For this study, the newly generated, patient-derived neurons exhibited the same pattern of cell degeneration and death that occurs inside a patient’s brain. Studying these models allowed the research team to see how the LRRK2 mutation kick starts neurodegeneration—making this an extremely powerful model of Parkinson’s disease.

Using the robotic microscope, they then tracked the human and rat cells over time, monitoring the buildup of mutant LRRK2 and how that buildup was tied to cell death.

“In both models, we found that neither IBs nor kinase activity were the direct causes of cellular toxicity leading to neuronal death,” said Dr. Skibinski, who was the paper’s lead author. “Instead, the underlying cause appeared to be tied directly to the accumulation of diffuse, mutant LRRK2.”

But as the research team peered even closer into the lives of these neurons, they found something intriguing: a unique interplay between mutant LRRK2 and alpha-synuclein, another protein that has long been associated with Parkinson’s. Past research has shown that Parkinson’s patients with LRRK2 mutations often show an abnormal accumulation of alpha-synuclein as well. But until now, the exact nature of the relationship between these two proteins remained unclear.
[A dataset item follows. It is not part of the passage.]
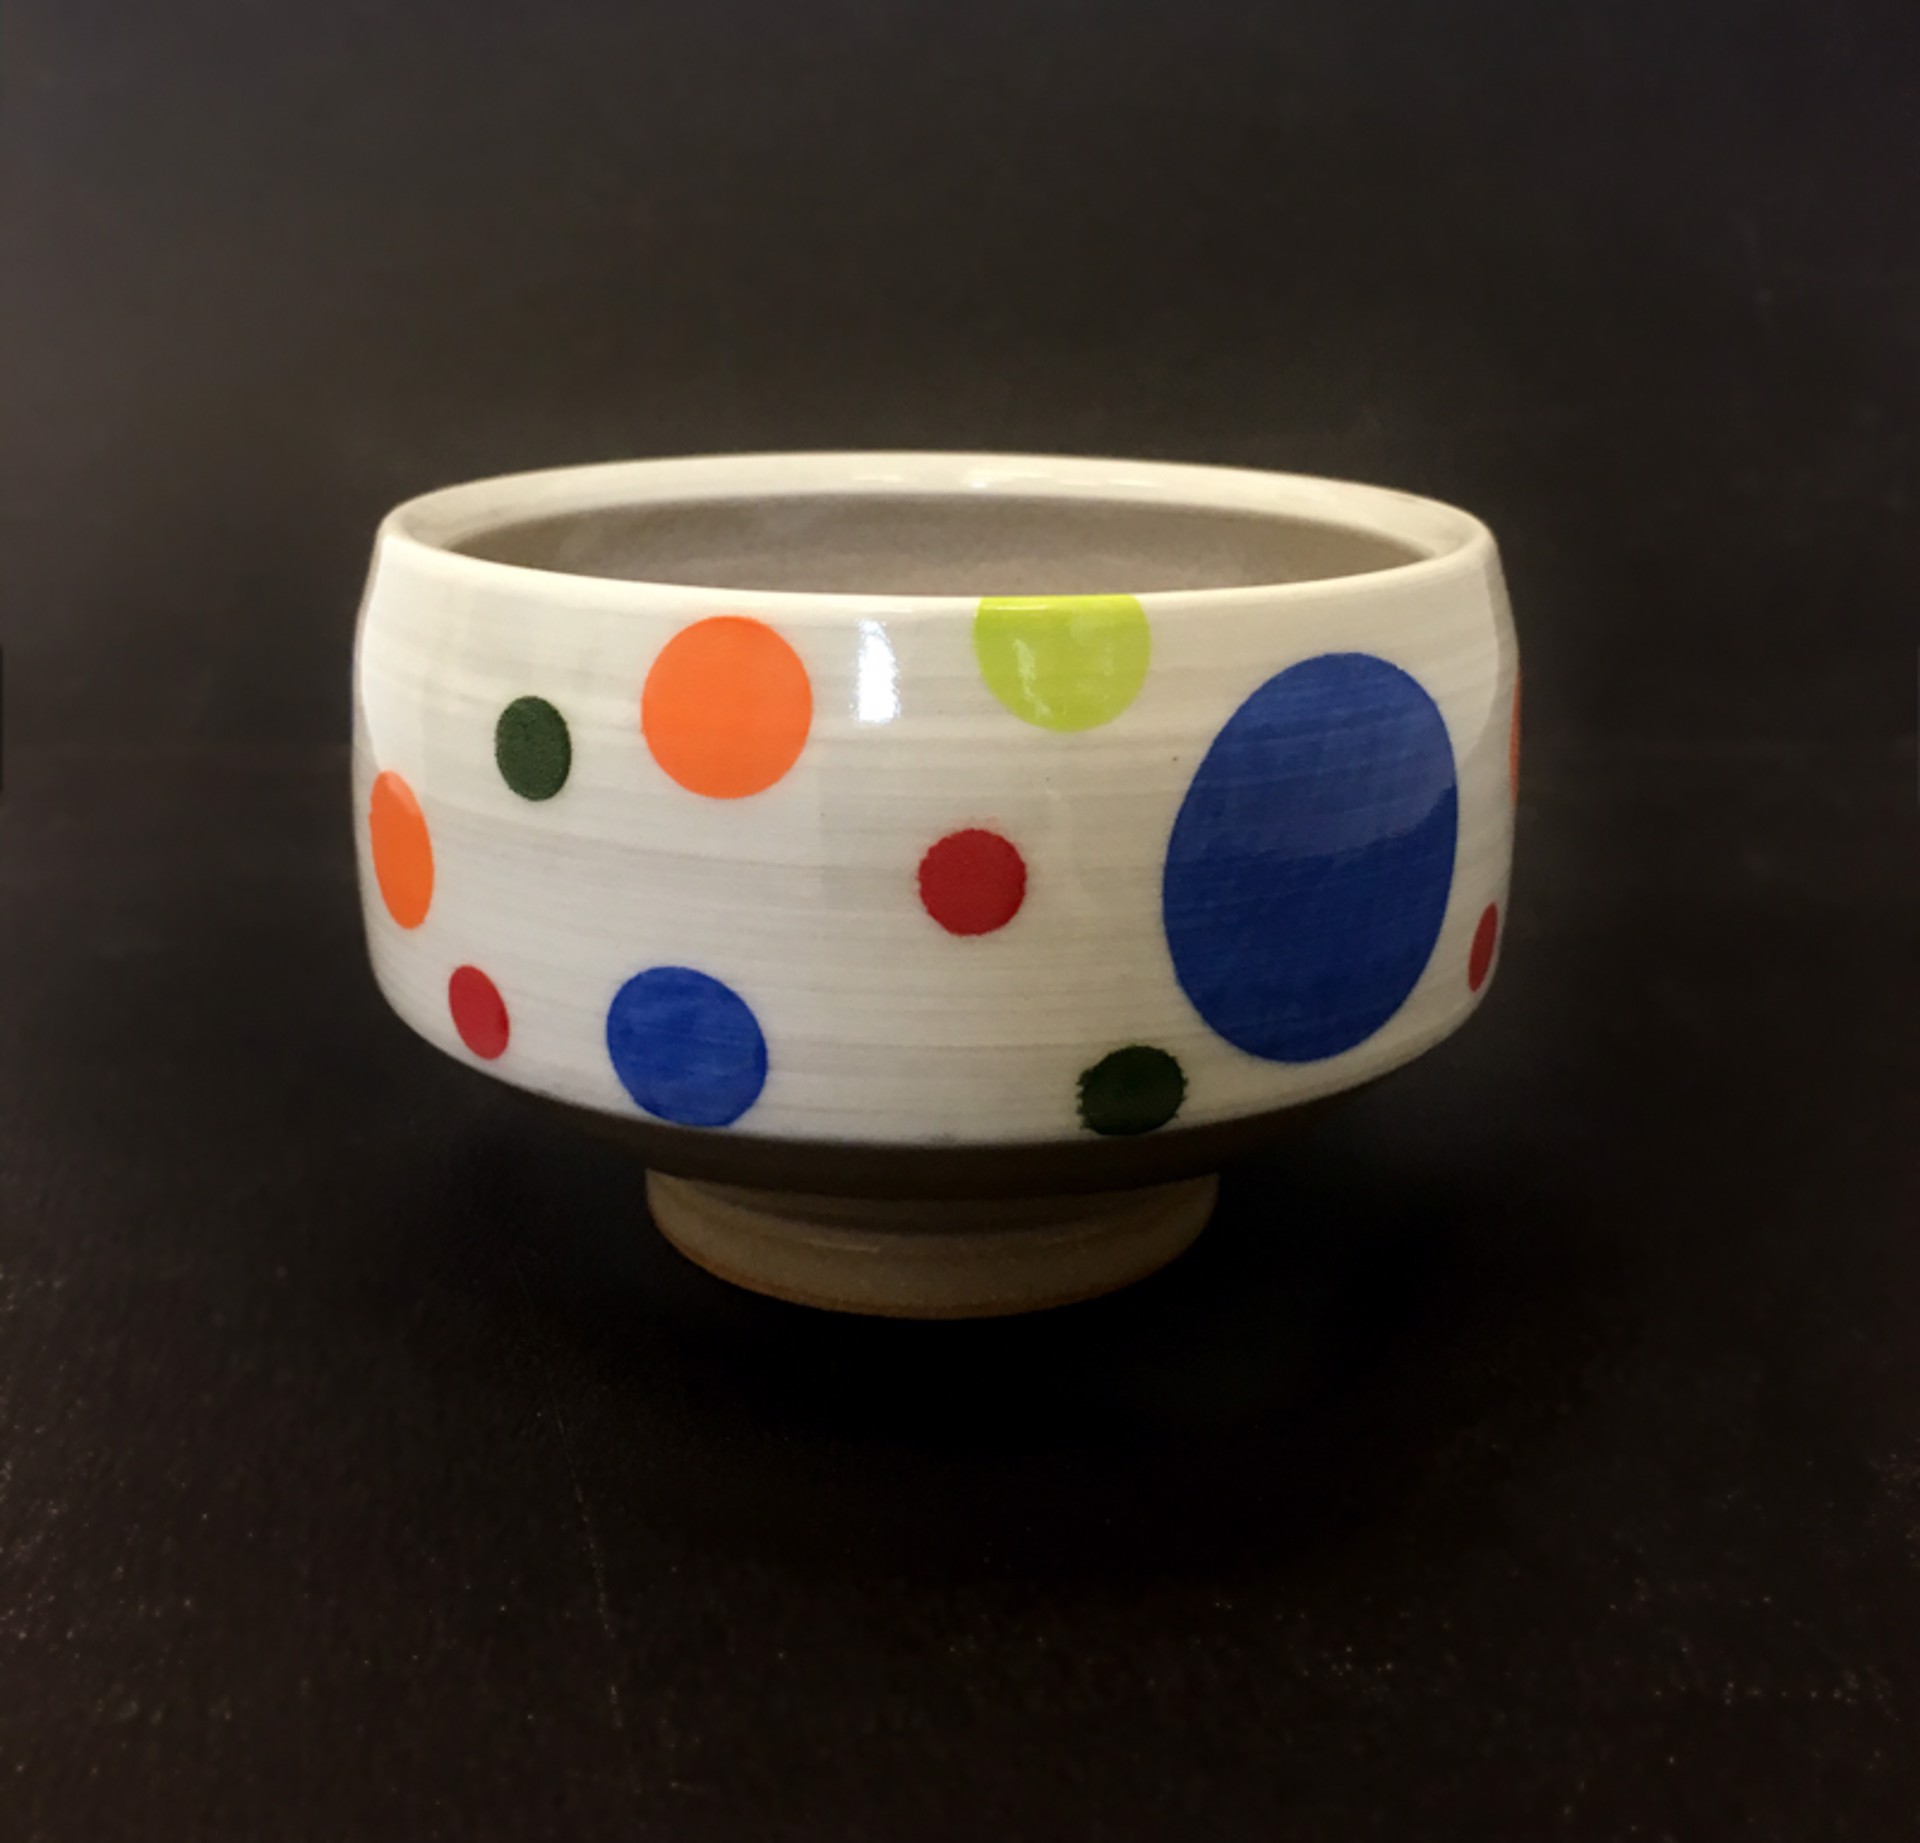 Large Bowl with Dots by Doug Schroder

“Importantly, we found that in both the rat and human cellular models, removing alpha-synuclein reduced LRRK2-related cell death—which was completely unexpected,” continued Dr. Skibinski. “When we looked closer, we found that the removal of alpha-synuclein led to an immediate drop in levels of LRRK2. To our knowledge, this is the first demonstration that this type of neurodegeneration can be halted, by simply eliminating alpha-synuclein.”

The team hypothesizes that, in patients with mutant LRRK2, the build-up of alpha-synuclein hinders the cell’s ability to clear away the LRRK2, and so it accumulates. Over time, the buildup of mutant LRRK2 becomes toxic to the cell, and the cell dies.

“Our discovery of this ‘synergy’ between two proteins long known to play a role in Parkinson’s is a huge step towards developing drugs that attack the disease’s underlying mechanisms,” said Dr. Finkbeiner. “As we continue to unravel the precise functional relationship between alpha-synuclein and LRRK2, we are well on our way to halting the onslaught of Parkinson’s on the brain.”